- Task description
An exact transcription of all the data is required, with every image removed.

** Given information follows **

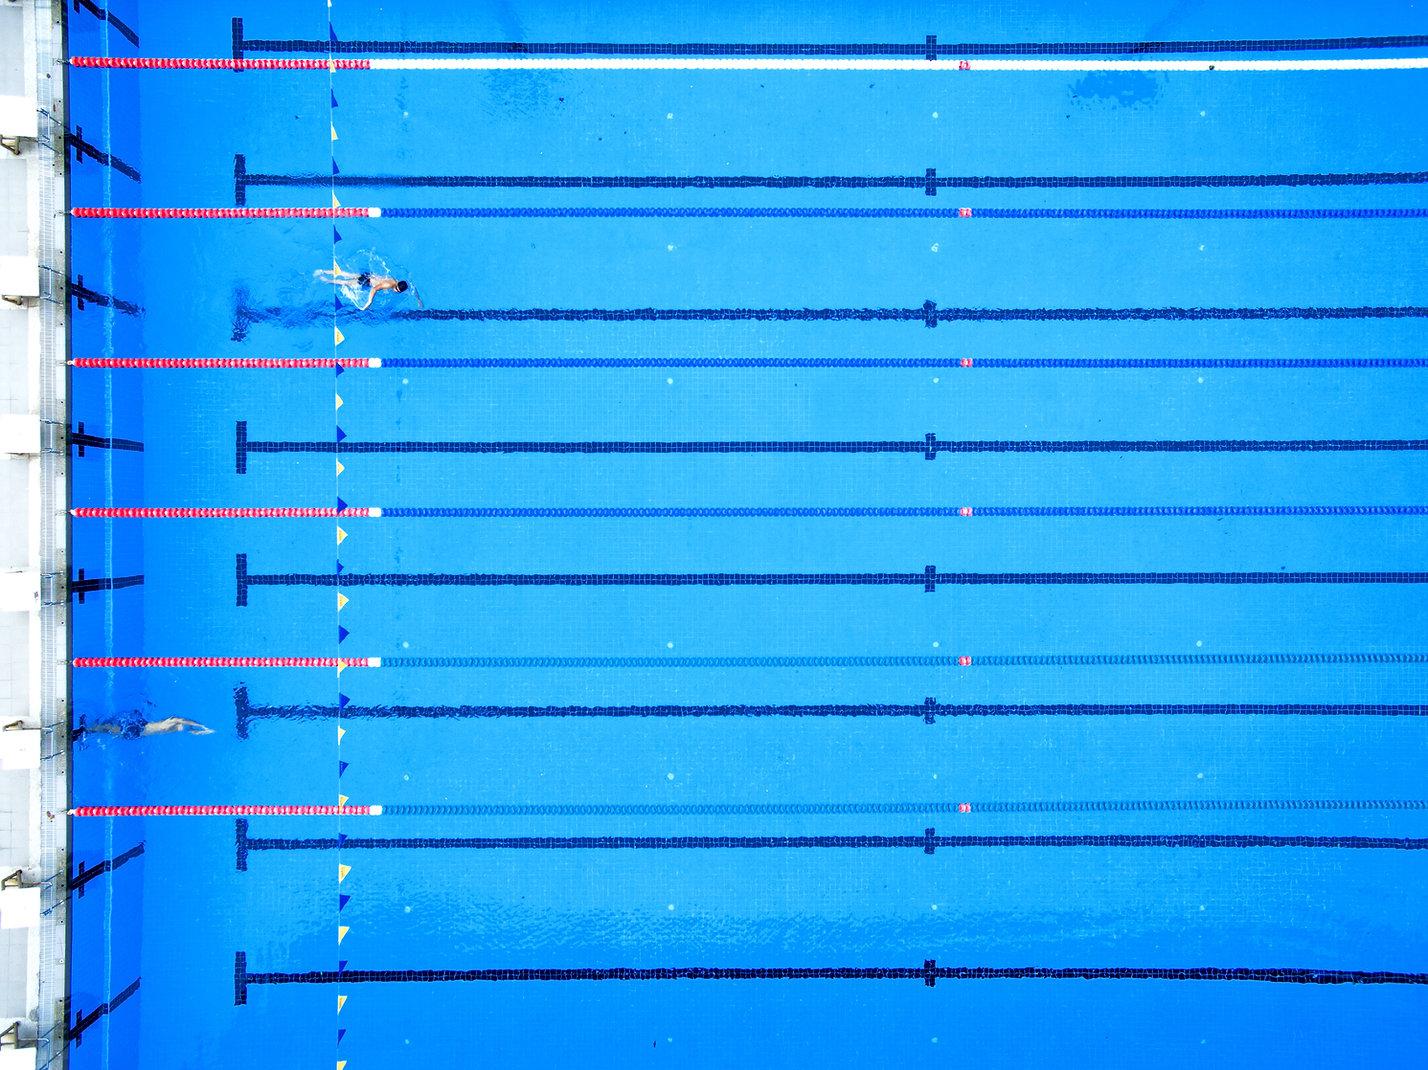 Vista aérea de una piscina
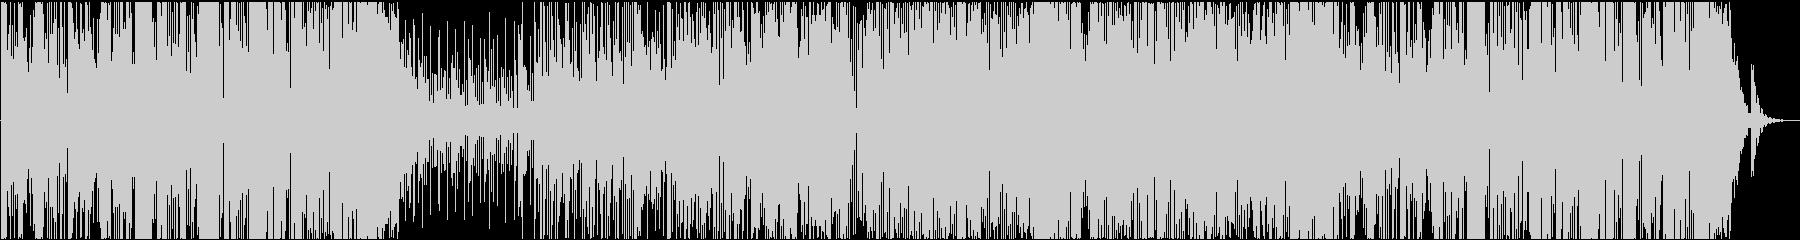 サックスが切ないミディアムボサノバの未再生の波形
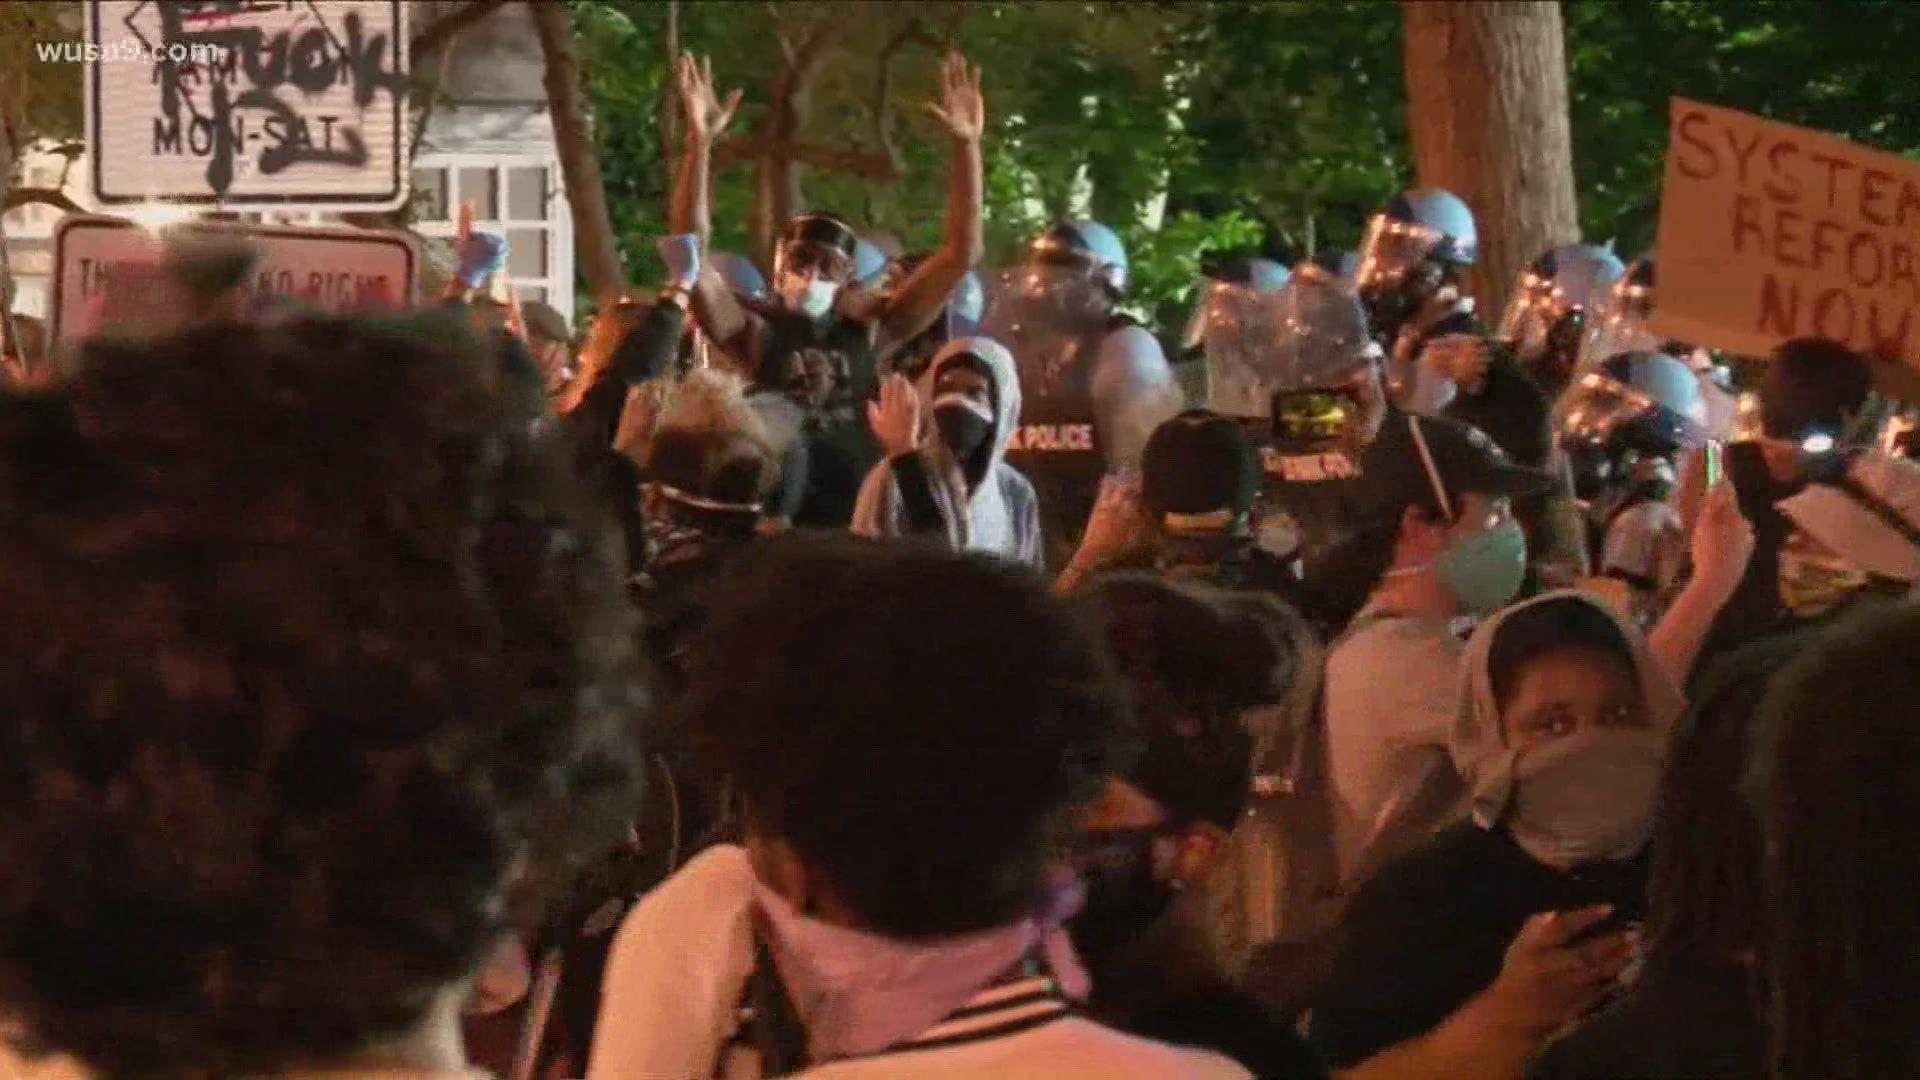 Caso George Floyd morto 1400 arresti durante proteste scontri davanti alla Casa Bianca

** End of Given information **

- Written solution
 Vista aérea de una piscina
 サックスが切ないミディアムボサノバの未再生の波形
 Caso George Floyd morto 1400 arresti durante proteste scontri davanti alla Casa Bianca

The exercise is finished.